Health and safety issues (5, Funny)

ShadowEFX (152354) | more than 7 years ago | (#17329556)

I hope one of the health and safety issues they look in to is the effect a cell phone has on a trachea when forcefully inserted by an enraged passenger tired of hearing the unfortunate cell user blather for five continuous hours...

Re:Health and safety issues (3, Interesting)

zoftie (195518) | more than 7 years ago | (#17329922)

Thats what earlugs are for. :) I think they should mandate though microphone masks, so they keep their sounds to their face. Or something like talk booths where they go and talk all they want.

Re:Health and safety issues (1)

Tellarin (444097) | more than 7 years ago | (#17330038)


Hmmmmmmm....

Now I get why phone are always getting smaller....

Re:Health and safety issues (2, Funny)

Brett Buck (811747) | more than 7 years ago | (#17330358)

>I hope one of the health and safety issues they look
>in to is the effect a cell phone has on a trachea
>when forcefully inserted

      Trachea?

      Brett

Just fucking great (1, Insightful)

Anonymous Coward | more than 7 years ago | (#17329562)

Just what we need.

Some loudmouth cell phone usage by some self-absorbed jackass while packed like sardines into a tin can for 6 hours.

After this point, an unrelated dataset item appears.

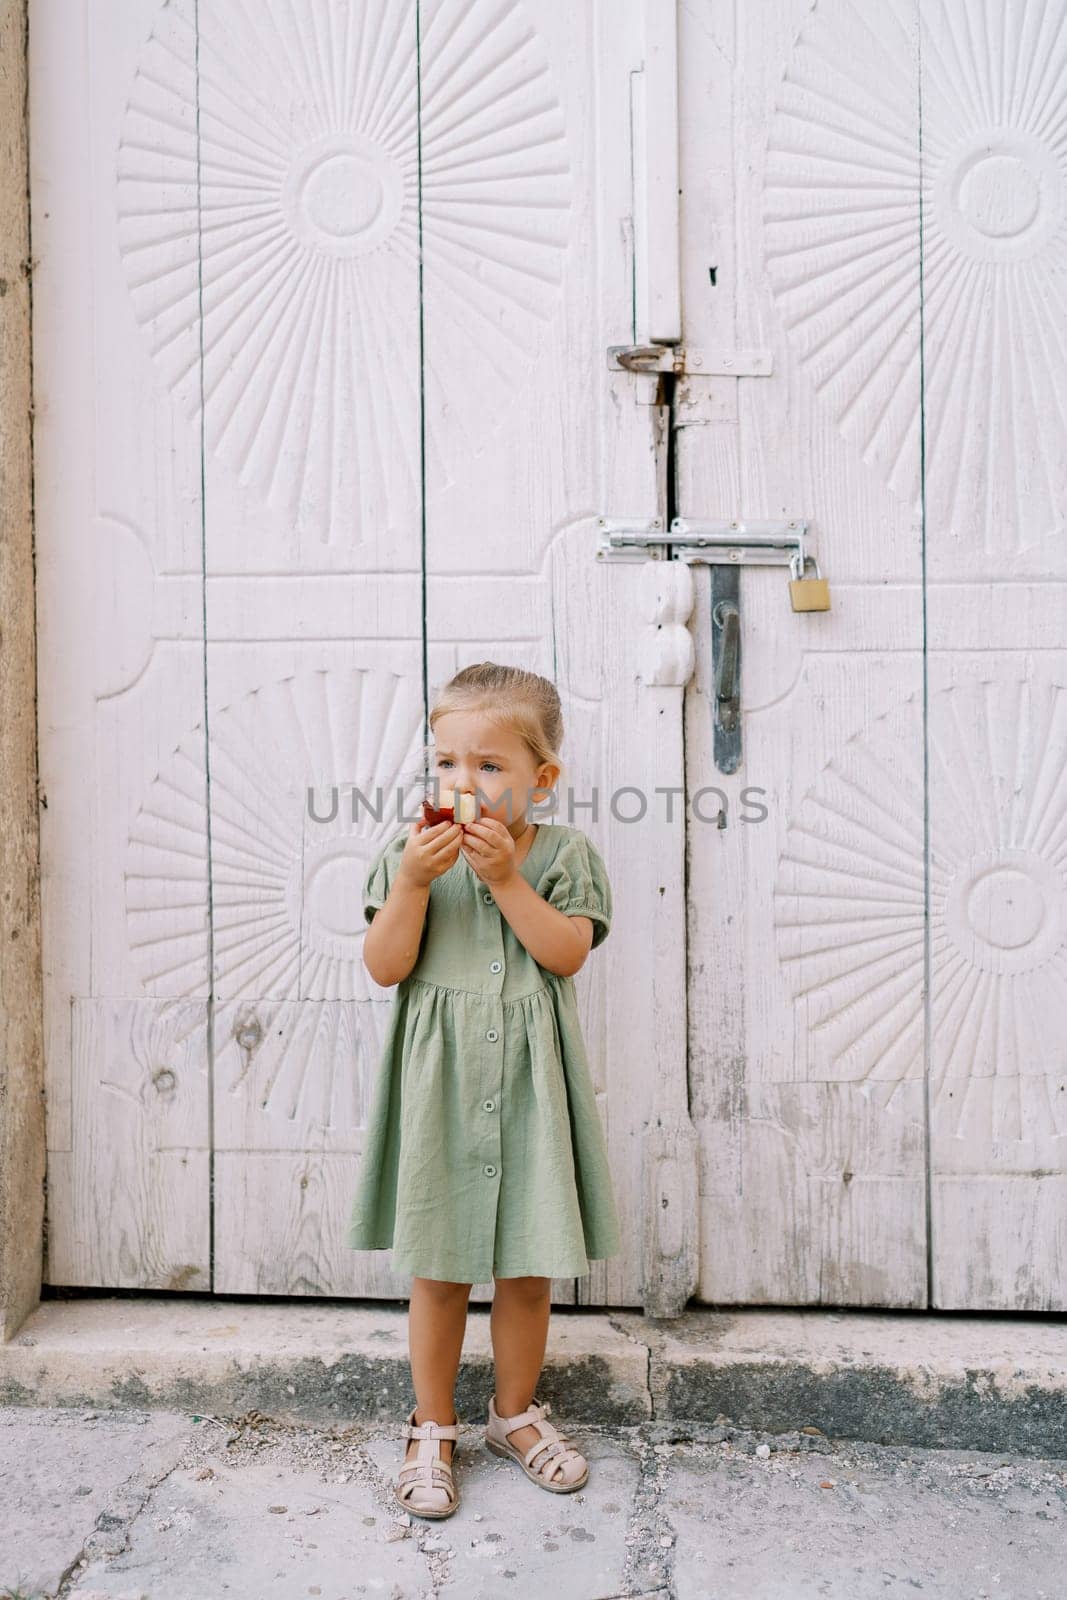 Little girl gnaws a big apple while standing near a wooden antique carved door. High quality photo

Does it mean... (5, Funny)

ifchairscouldtalk (1031944) | more than 7 years ago | (#17329566)

... that I can play Snake on a plane now?

Issues are technical, not just regulatory (4, Informative)

bugnuts (94678) | more than 7 years ago | (#17329578)

Let's ignore the issues of cellphones interfering with the flight controls. We'll ignore that search for a random cellphone on some oriental airline long ago, purported to be messing up the landing.

From what I understand, cellphones work by associating themselves with "cells" of coverage. The closer they are, the less power they use, and so on. When the user moves cells, the network switches them over to the new cell.

From the air, a cellphone will see many, many different cells as being equally good. It will also have to switch across cells much faster than normal. Without the plane itself acting as a roving cell tower for the occupants, it seems to me that this would cause a lot of problems. Not only will all the cellphones be transmitting at full power, but the network will potentially have to handle many many more switches cell to cell, and faster than normal. There's evidence of this from TFA when it said some upscale, long-haul airlines are installing equipment onboard that will allow for cell phone use.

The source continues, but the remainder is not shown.